United States v. High Country Broadcasting Co.

PER CURIAM:

A corporation may appear in federal court only through licensed counsel. Rowland v. California Men’s Colony, — U.S. -, -, 113 S.Ct. 716, 721, 121 L.Ed.2d 656 (1993); see also 28 U.S.C. § 1654. An-attorney appeared for High Country in the district court for the limited purpose of filing an answer and cross-complaint. See CR 3. When it became apparent that Crisler (who was not a licensed attorney at that time) was attempting to represent High Country, the district court ordered High Country to retain counsel for the duration of the litigation. When High Country failed to do so, the district court entered a default judgment against it; this was perfectly appropriate. See, e.g., Shearson Loeb Rhoades, Inc. v. Quinard, 751 F.2d 1102 (9th Cir.1985).1

A more interesting issue is raised by the district court’s refusal to let Crisler intervene under Federal Rule of Civil Procedure 24. Intervention as a matter of right is proper if (1) the motion is timely; (2) the applicant asserts an interest relating to the subject of the action; (3) without intervention, the disposition of the action may impair the applicant’s ability to protect that interest; and (4) the applicant’s interests are inadequately represented by the other parties. California ex rel. Van de Kamp v. Tahoe Regional Planning Agency, 792 F.2d 779 (9th Cir.1986).

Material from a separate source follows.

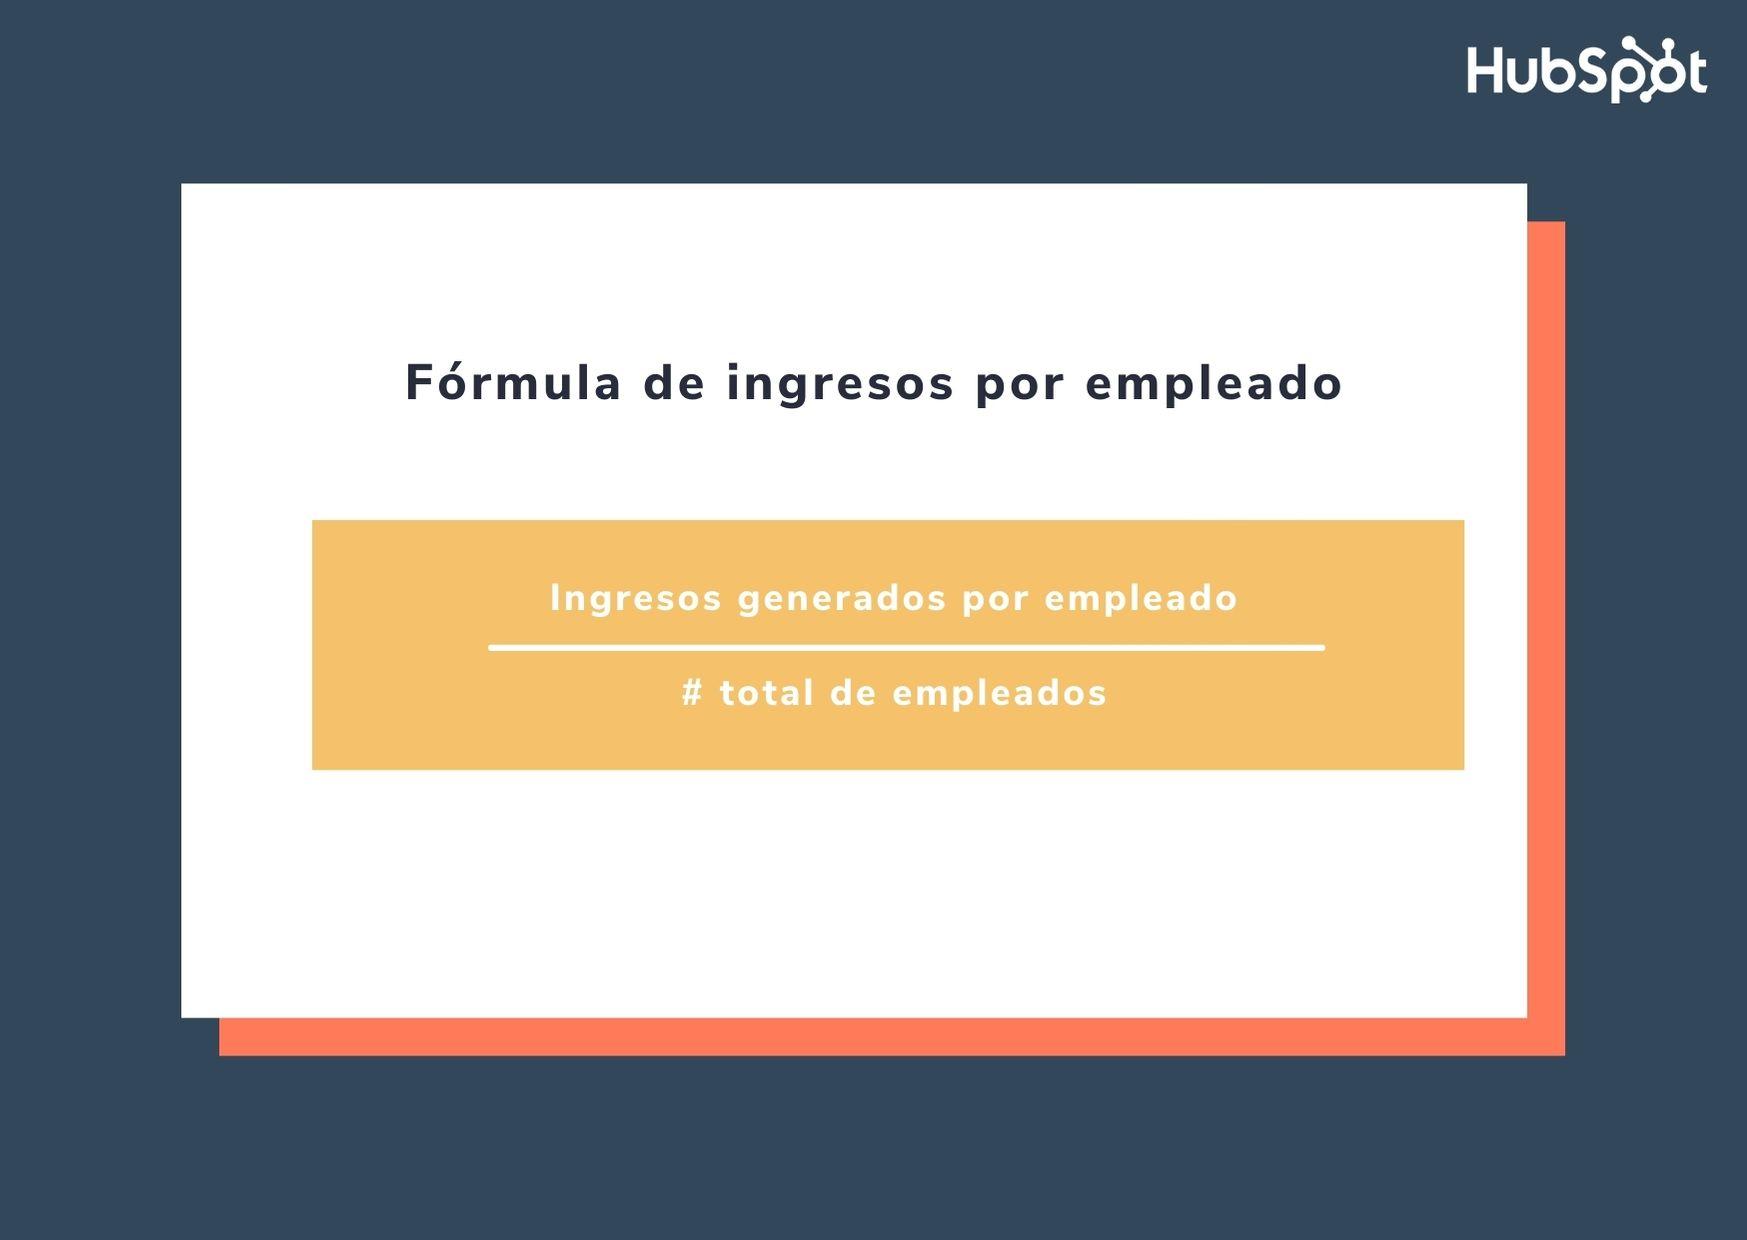 Fórmula de ingresos por empleado

Crisler was High Country’s President and sole shareholder. His interests would have been adequately represented by High Country had it complied with the court’s order to retain permanent counsel. But High Country didn’t, resulting in a default judgment. This calls into question the adequacy of High Country’s representation of Crisler’s interests.

In an ordinary case we might have our doubts whether High Country could adequately represent Crisler’s interests. But here Crisler’s application to intervene pro se was nothing more than an end run around section 1654. As High Country’s President, statutory agent and only shareholder, Crisler was singularly to blame for High Country’s failure to retain counsel. As an intervenor, Crisler sought to accomplish the exact same objectives that he did as High Country’s counsel — to represent High Country pro se. To allow a sole shareholder with interests identical to the corporation’s to intervene under such circumstances, rather than hire corporate counsel, would eviscerate section 1654. We decline to read Rule 24 as condoning such a result. See Fed.R.Civ.P. 1 (court shall interpret rules to “secure the just, speedy, and inexpensive determination of every action”); Marquis Theatre Corp. v. Condado Mini Cinema, 846 F.2d 86, 89 (1st Cir.1988) (Rule 1 prevents party from flouting spirit of rules, even if party fits within their literal meaning). The district court did not err in denying Crisler’s motion to intervene.

Finally, Crisler maintains High Country is “nonexistent” and cannot be sued. But the United States’ claim survives the corporation’s dissolution. See Ariz.Rev.Stat.Ann. § 10-105; see also Ruck Corp. v. Wouden-*1246berg, 125 Ariz. 519, 611 P.2d 106, 110 (Ariz.Ct.App.1980).

AFFIRMED.

. Crisler has since become a licensed attorney. He was admitted to practice before this court pursuant to Fed.R.App.P. 46 and 9th Cir.R. 46.1, and is now counsel both for himself and High Country.